Bagi hasil juga merupakan upaya dalam mewujudkan produk pembangunan dengan membangun sistem bagi hasil dari hasil pembangunan itu sendiri. Kecenderungan dari sistem bagi hasil lebih berorientasi kepada perhitungan untung rugi dari pihak-pihak yang berkepentingan terhadap kegiatan bagi hasil ini. Dengan anggaran yang relatif terbatas tidak tertutup kemungkinan bagi pihak pemerintah untuk menerapkan sistem ini dengan pihak ketiga, tentunya dengan aturan yang disepakati bersama serta berkekuatan hukum.
Satu lagi cara membangun dengan kondisi yang sangat buruk yaitu kerja paksa. Model kerja paksa pernah dilakukan pada jaman penjajahan Belanda tempo dulu. Suatu pembangunan hasil kerja paksa yang sangat populer dalam sejarah ialah pembangunan jalan dari Anyar ke Panarukan sepanjang ribuan kilometer di bawah pengawasan Daendels. Pihak penjajah waktu itu ingin segera mewujudkan pembangunan kendati dengan alokasi anggaran sekecil mungkin, bahkan jika mungkin tanpa dana. Walau cara membangun seperti ini tidak manusiawi, sebagai wacana diperlukan untuk memberikan imej bahwa dalam melakukan pembangunan ada dua variabel penting yaitu, kebutuhan nyata dan kemauan keras.
Beberapa gambaran di atas adalah sebuah pemikiran sebagai pengayaan untuk mencari solusi guna mengimbangi keterbatasan anggaran terhadap tuntutan besar dari kebutuhan pembangunan.
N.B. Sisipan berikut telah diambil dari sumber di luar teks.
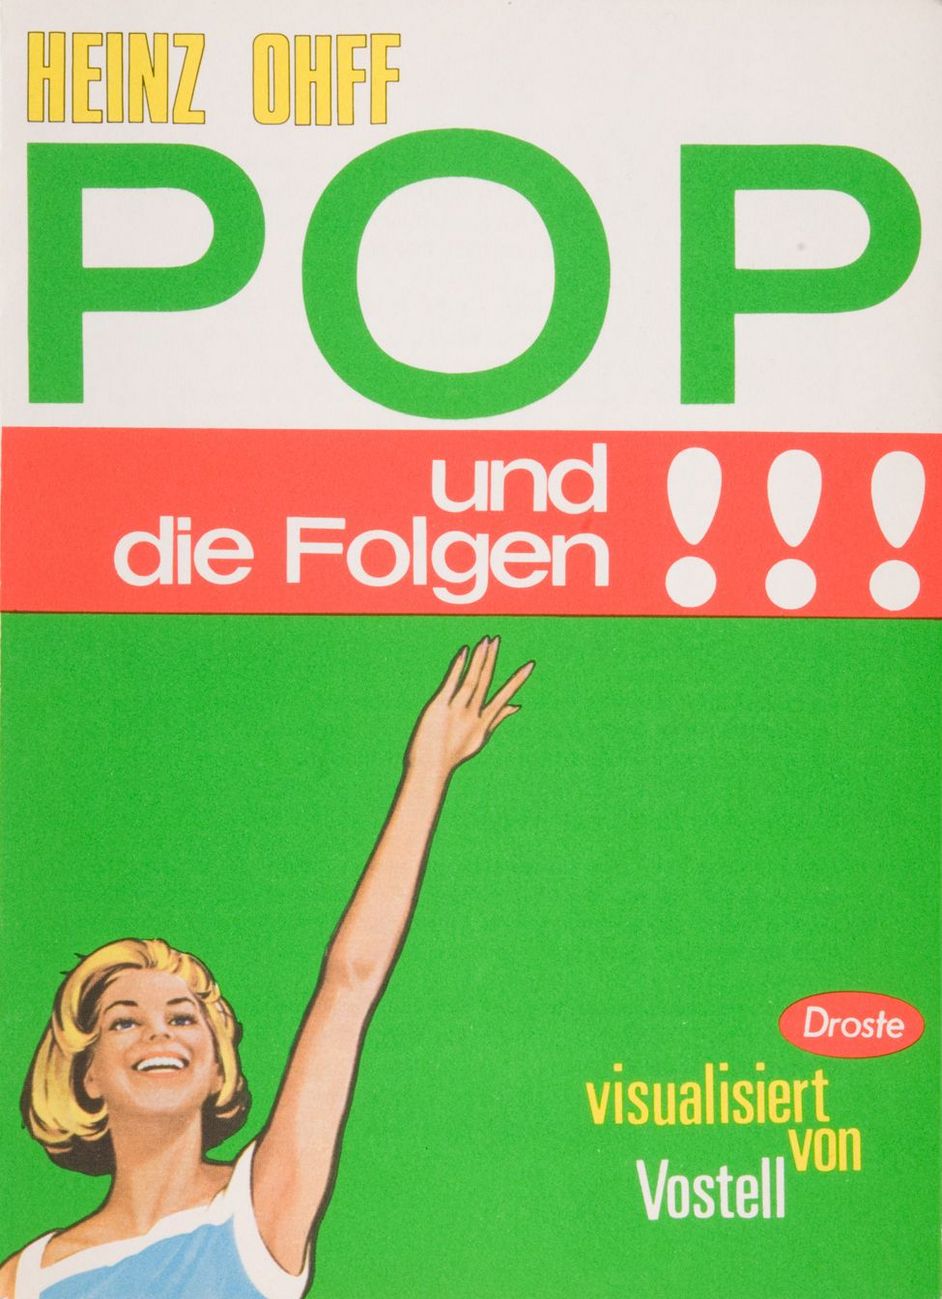 Buch-Cover: Heinz Ohff, Pop und die Folgen!!!, Visualisiert von Wolf Vostell, 1968 aus dem Heinz-Ohff-Archiv 
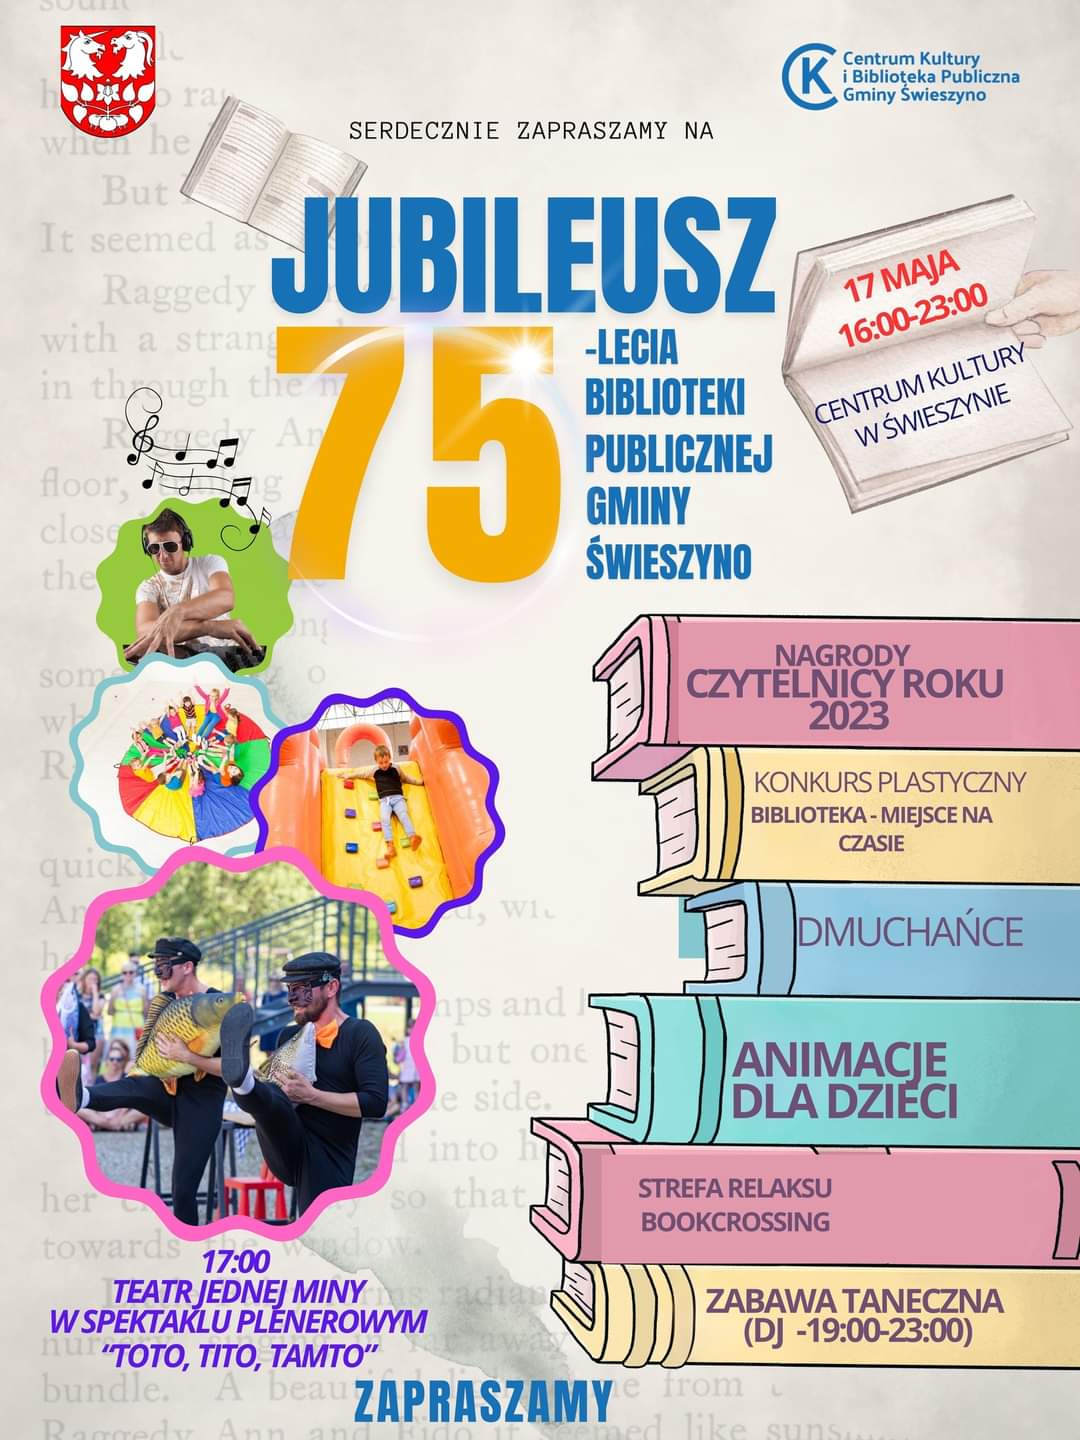 Plakat z zaproszeniem na jubileusz 75.lecia Biblioteki Publicznej Gminy Świeszyno 17 maja 2024

Masih banyak solusi lain yang mungkin dihadirkan oleh para birokrat untuk menyikapi segala gejala yang menitikberatkan kepada kebutuhan pembangunan. Pada akhirnya, kehadiran berbagai konsep pembangunan diharapkan mampu untuk menyingkap tabir “antara kemampuan dan kebutuhan”. ***
Ir Razuardi Ibrahim, MT
Ketua Ikatan Sarjana Teknik Sipil Bireuen, penasehat ALIBI.